Film Reviews: Five Fine Movies at This Year’s Independent Film Festival Boston
By Tim Jackson
An independent film festival presents works that expose audiences to diverse voices, to alternative political and social points of view, and to different ways of understanding the world.

A scene from Linda.
Jury Winner: Linda (Argentina)
The eponymous maid (played by Eugenia “China” Suárez) in Linda, Mariana Wainstein’s first feature, takes a job as a domestic worker for a wealthy Argentine family while her cousin is recovering from an accident. Slowly, each member of the family — the adolescent son and daughter, the mother, and the father — is upended by Linda’s beauty, each responding in a distinctly shocking and laughable way. An elegant home, stocked with fine wines that the family members are obsessed with, serves as the location for a pointed commentary on class, power, and the disconcerting nature of the male gaze. Director Wainstein pays close attention to the subtleties of behavior: a sniff of perfume, a touch of a hand, a suggestive conversation. And she trusts the audience to pick up on clues and make their own judgments.

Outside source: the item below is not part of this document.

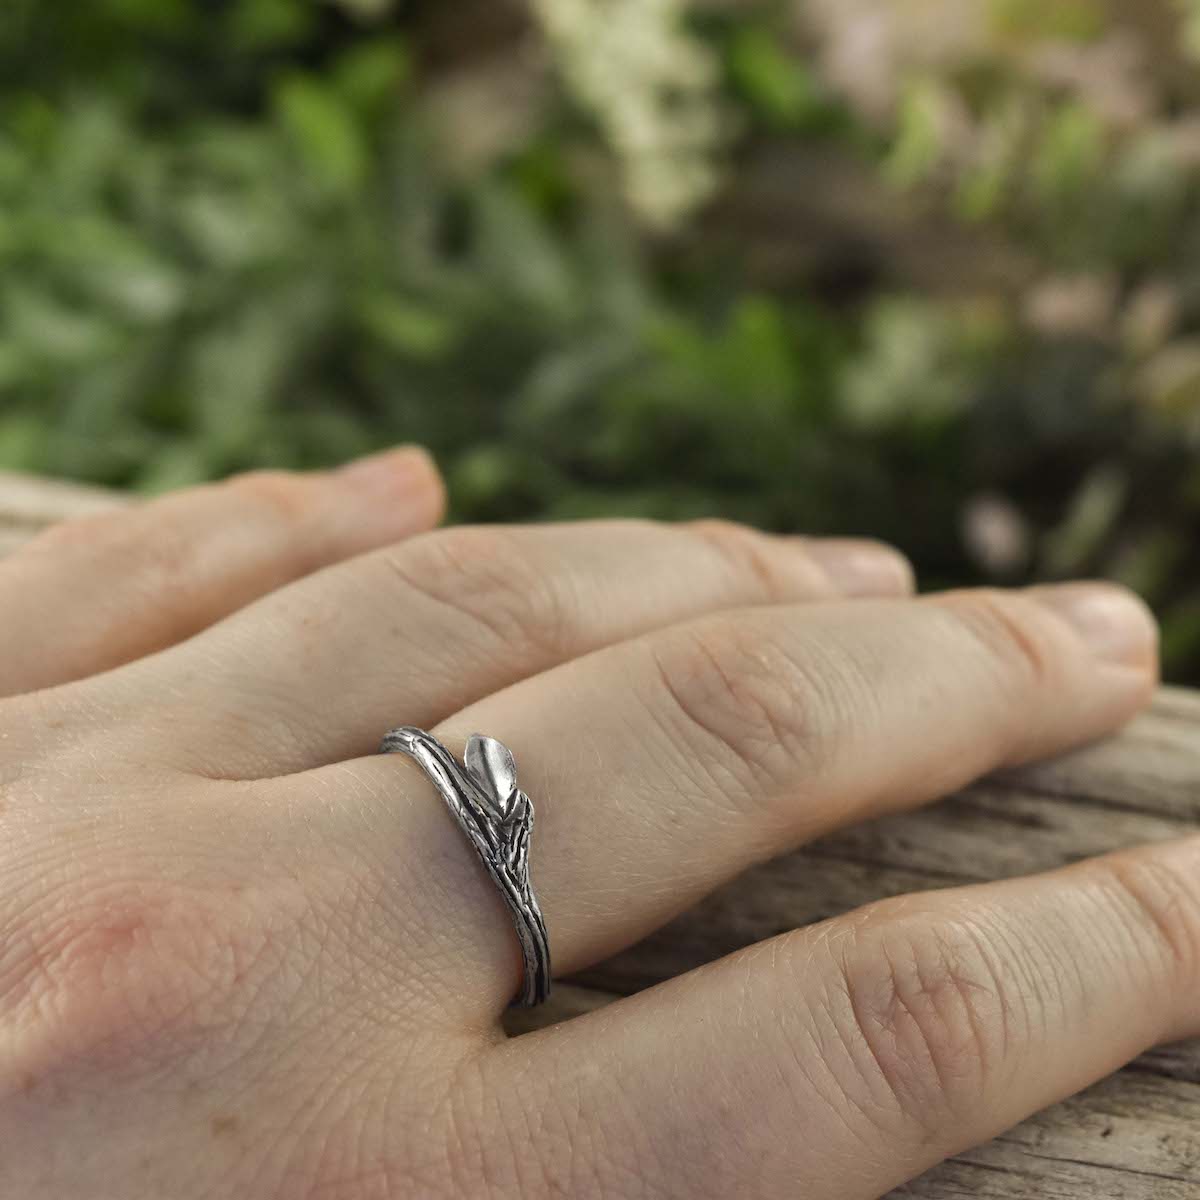 Silver Summer Twig Ring - Wedding Ring  Select Size  4 2673 - handmade by Beth Millner Jewelry

Linda’s undefined intentions (and meager backstory) draw us deeper into the mystery of her motives and as well as the family’s peccadillos. The well-off are not portrayed as oppressors, but as privileged bourgeoisie frustrated by repressed sexual desire. They allow Linda to wear street clothes rather than a maid’s uniform and, for a time, patient with her unwillingness to conform to the standard restrictions of her role. Linda, about whom we know little until the very end, dutifully goes about her chores, ignoring the family’s erotic overtures with cold indifference – until she doesn’t.

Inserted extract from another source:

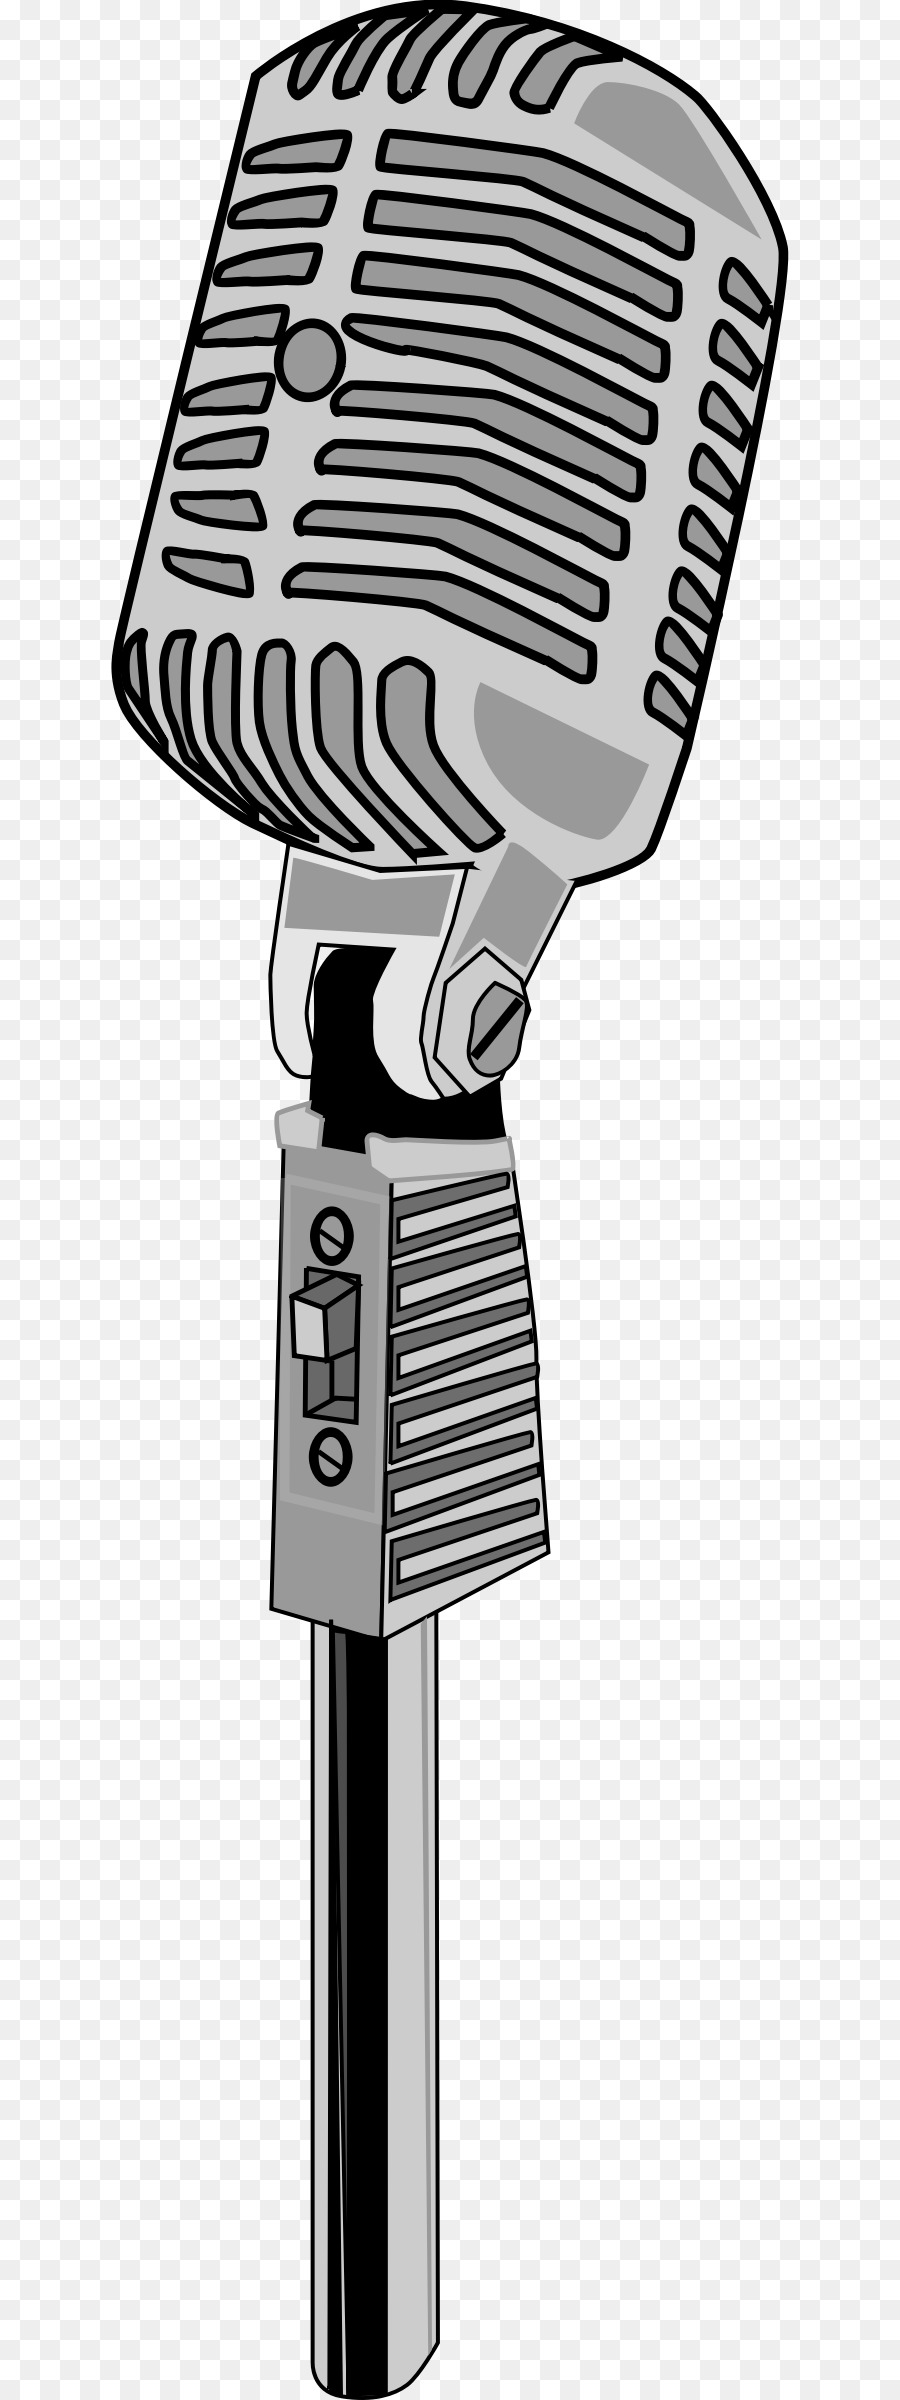 Microphone Clip art - mic png download - 678*2400 - Free Transparent  png Download.

Runner-Up Jury Winner: Moloka’i Bound
An independent film festival presents works that expose audiences to diverse voices, to alternative political and social points of view, and to different ways of understanding the world. Moloka’i Bound exemplifies that ideal. Directed, written, and produced by Alika Maikau, the feature revolves around a father, Kainoa De Silva, who was recently incarcerated after having decided to deal drugs to support his family. The story is familiar, but Maikau’s patient narrative interweaves social issues with family dynamics. The director’s mother was raised in Moloka’i, where some of his family still reside. The film blends English and Pidgin, and underplayed performances are supplied by the all-Hawaiian cast, led by Holden Mandrial-Santosas as Kainoa. Maikau’s alluring film immerses us in the land, the language, the food, and the details of Hawaiian life hidden away from tourists.

A scene from Peacock. Photo: Geyrhalter Film/CALA Film/Albin Wildner
Audience Choice Best Narrative Film: Peacock (Austrian-German)
Albrecht Schuch, who played a supporting role in the 2022 German version of All Quiet on the Western Front, takes on quite a different character in Bernhard Wenger’s debut feature, Peacock. Matthias is a man whose gift is his austere agreeableness. He makes a fine living by working for a rent-a-friend firm owned by an acquaintance. The agency sends him to serve as a companion for lonely people who can afford to pay for an artificial relationship. The job draws on Matthias’s passive disposition; his wife, frustrated by his lack of emotion, finally decides to leave him.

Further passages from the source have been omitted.